▶ _Exercise instructions_
If pictures appear in the lines below, skip them and copy exactly the lines from the one containing "L'ESTAC remercie les Maisons Babeau-Seguin" through the one containing "Roru Concept Sun", and nothing else.

▶ _Materials provided_
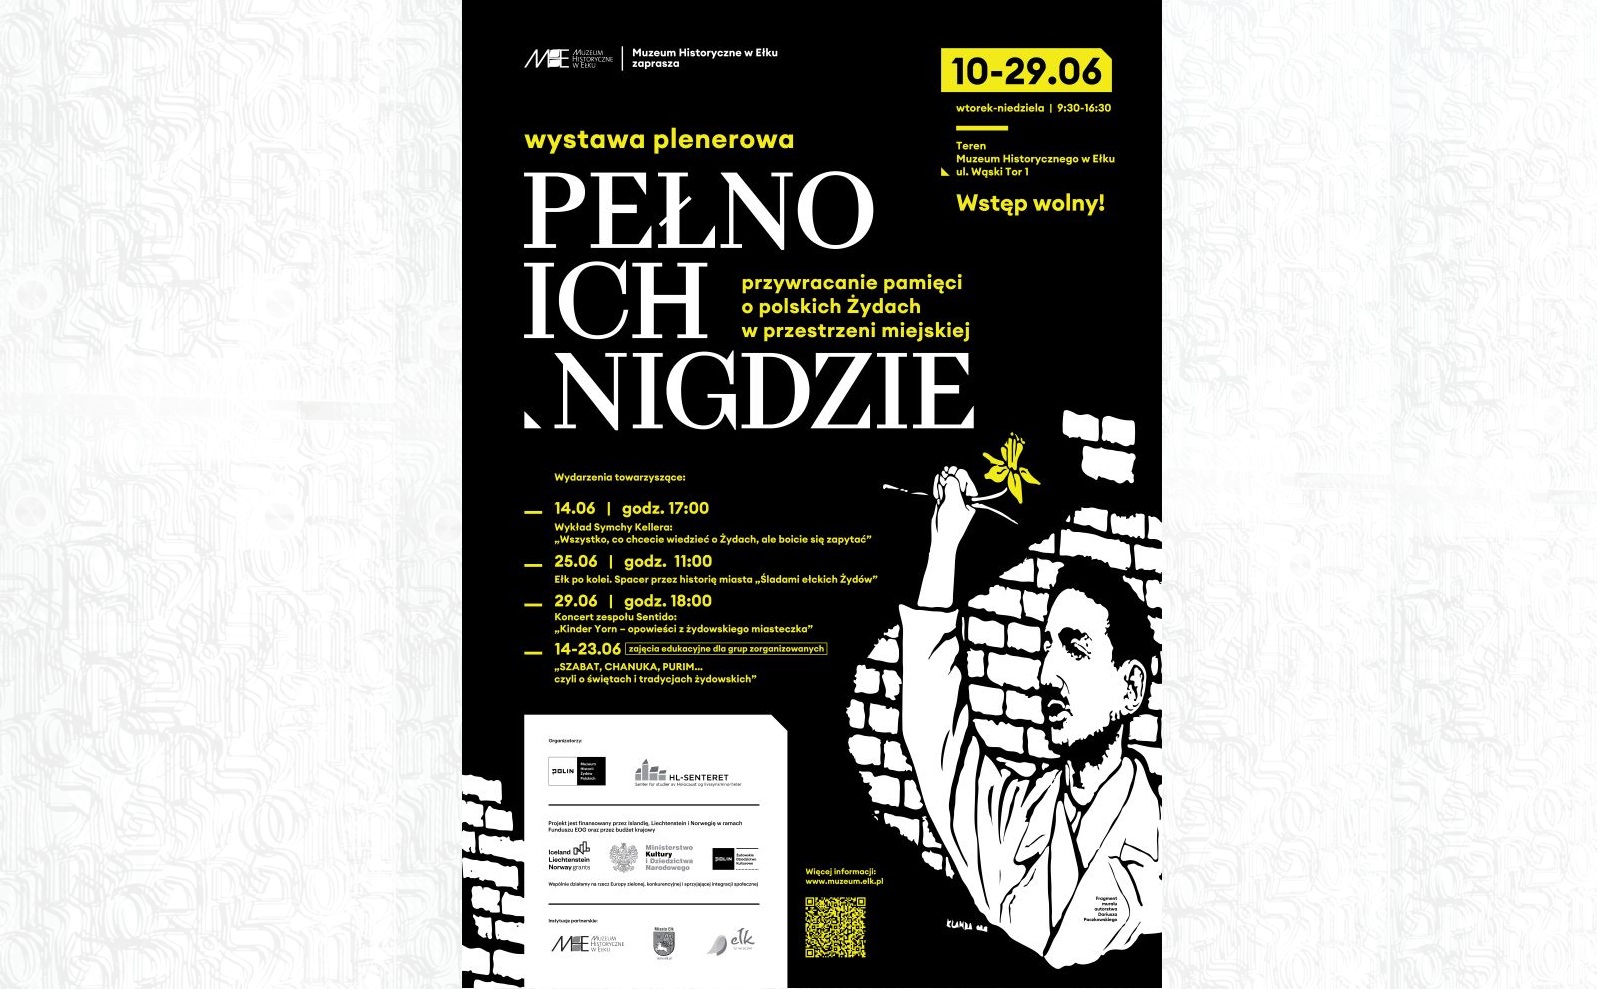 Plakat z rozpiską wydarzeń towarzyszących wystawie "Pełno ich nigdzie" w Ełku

* * *

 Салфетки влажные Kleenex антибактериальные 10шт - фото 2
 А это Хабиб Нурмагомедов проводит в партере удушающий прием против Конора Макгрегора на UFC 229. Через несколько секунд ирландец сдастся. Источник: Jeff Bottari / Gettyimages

--

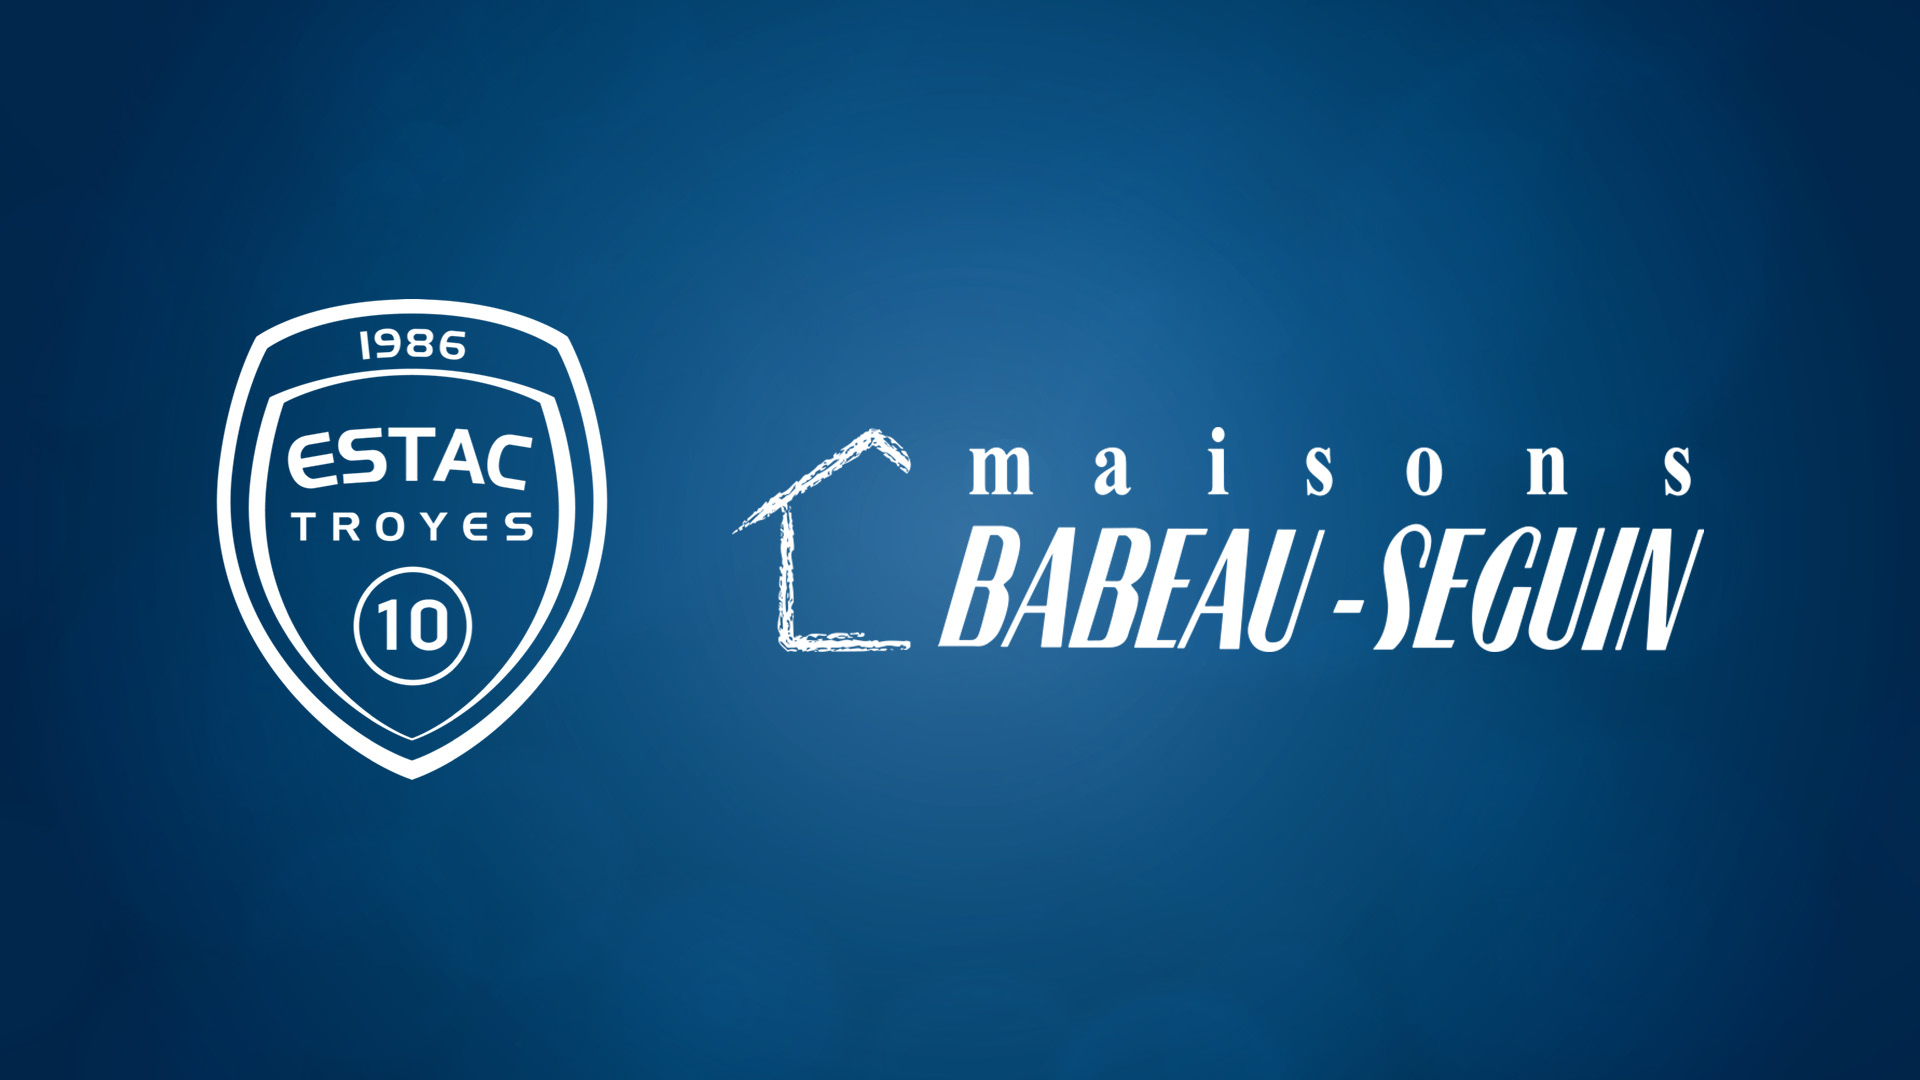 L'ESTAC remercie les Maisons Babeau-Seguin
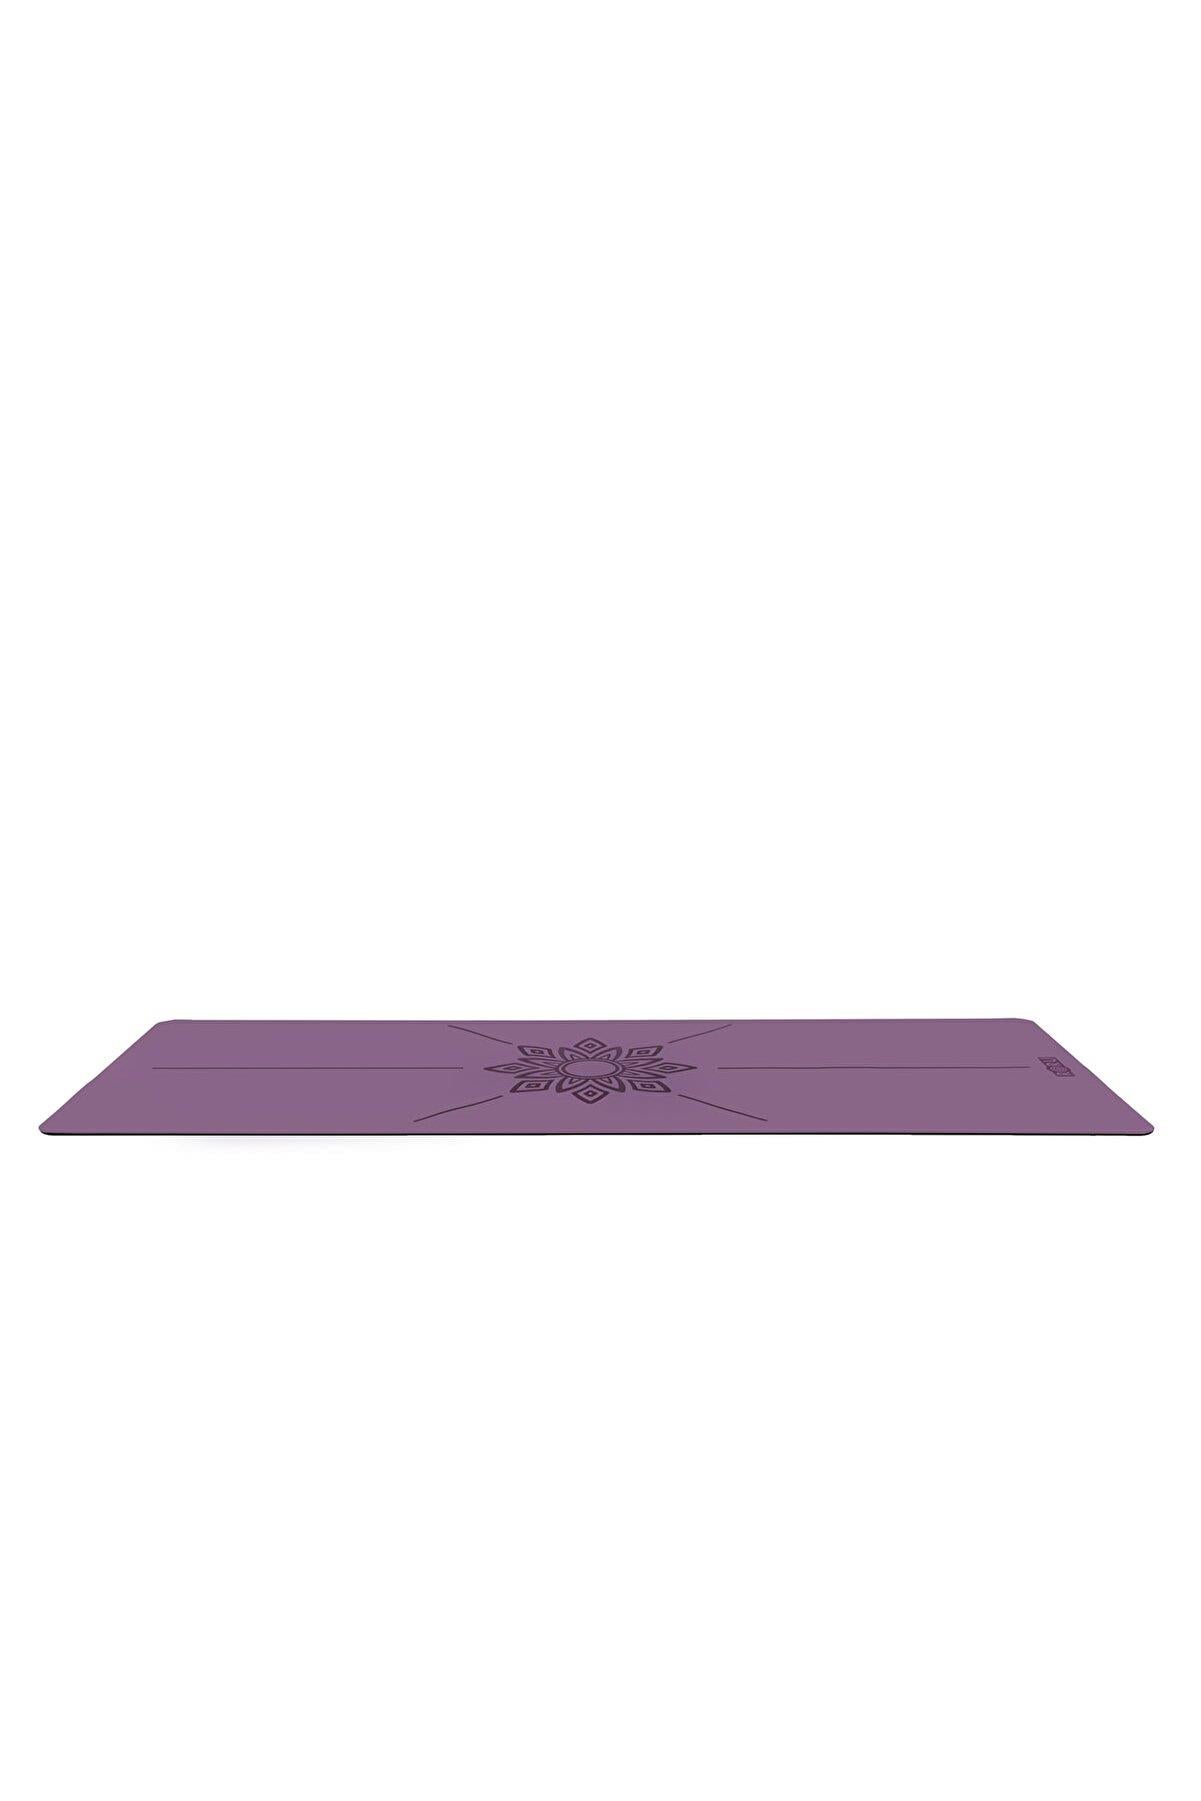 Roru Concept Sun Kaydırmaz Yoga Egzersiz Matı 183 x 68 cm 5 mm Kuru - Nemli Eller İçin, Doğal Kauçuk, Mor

▶ _Finished exercise_
 L'ESTAC remercie les Maisons Babeau-Seguin
 Roru Concept Sun Kaydırmaz Yoga Egzersiz Matı 183 x 68 cm 5 mm Kuru - Nemli Eller İçin, Doğal Kauçuk, Mor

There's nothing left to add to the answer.